Overall, we definitely had more capacity than needed with 2X100W panels but also nearly ideal conditions. Even when our campsite was in the shade, we tended to leave the van at trailheads during the day and would get a good charge. In drizzle, would get a trickle of 20W in and saw 140W max input in the mid-day sun. We're already thinking what other powered items we may add in future trips.

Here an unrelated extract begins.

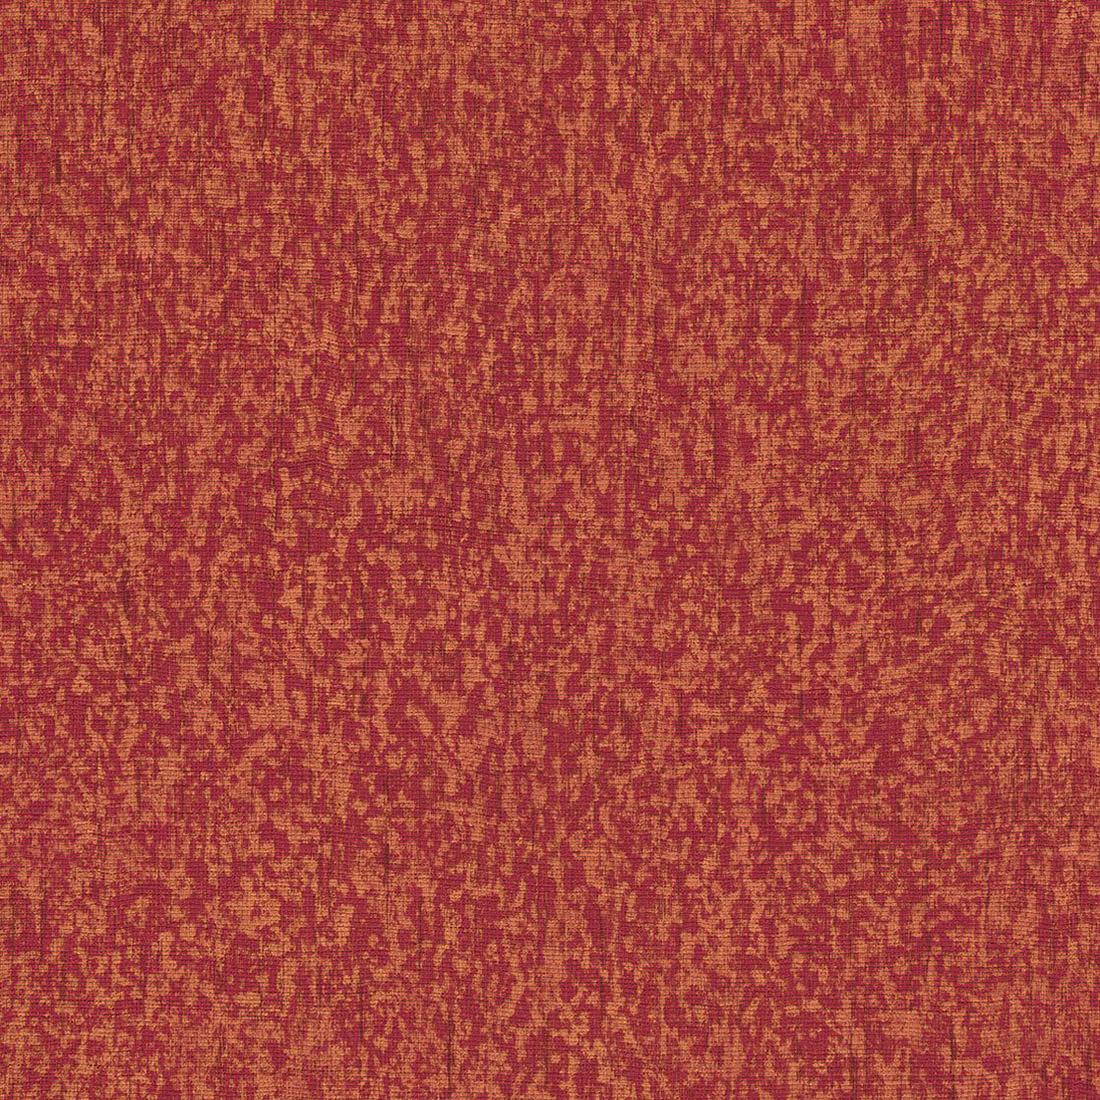 Sundari-375155

Thanks again for the advice!
 

Riverchi

New member
You were able to drop the headliner and AC trim from the back? I thought you had to start from the front.
Sorry, forgot to respond to this part of your message! Yes, I was able to remove from the back. First the vertical trim around the rear doors and then from the back to the front - I took off every panel but the front two. I also had to remove all the rear A/C trim. Trim tools are almost required to not mark up everything, I used this cheap set (they were only okay but MUCH better than screwdrivers):
https://www.amazon.com/gp/product/B00HNMLQAG/ref=ppx_yo_dt_b_asin_title_o00_s00?ie=UTF8&psc=1

The headliner was definitely made to be removed front to back but if you work carefully it wasn't too bad in reverse. The hardest part was getting the sides of each headliner panel removed. There are tabs on the side that slot into the roof sheet metal and working in reverse order made these difficult because you have to bend them. I found it easiest if I took out all the center clips for all the panels at once - then they're all kind of loose and easier to bend without damaging them. I broke only a couple clips but luckily had ordered a bag anticipating the worst:
https://www.amazon.com/gp/product/B01B60YD8C/ref=ppx_yo_dt_b_asin_title_o09_s00?ie=UTF8&psc=1

Surprisingly, all the A/C trim was straight-forward to remove - that was the part I was dreading. Getting the big plastic pieces back in place was a little bit of Tetris but not too bad. I had forgotten some of the order since I left them out for a couple days while I attached the roof rails. I only took a couple pictures, they're below just in case they're useful.

Why reverse order? I hate trim work because it never seems to go back 100% the way you started and if anything was going to be slightly off or rattly I wanted it to be behind me instead of annoying me to death. My solar rack is only behind the A/C unit so I didn't need full-length roof rails.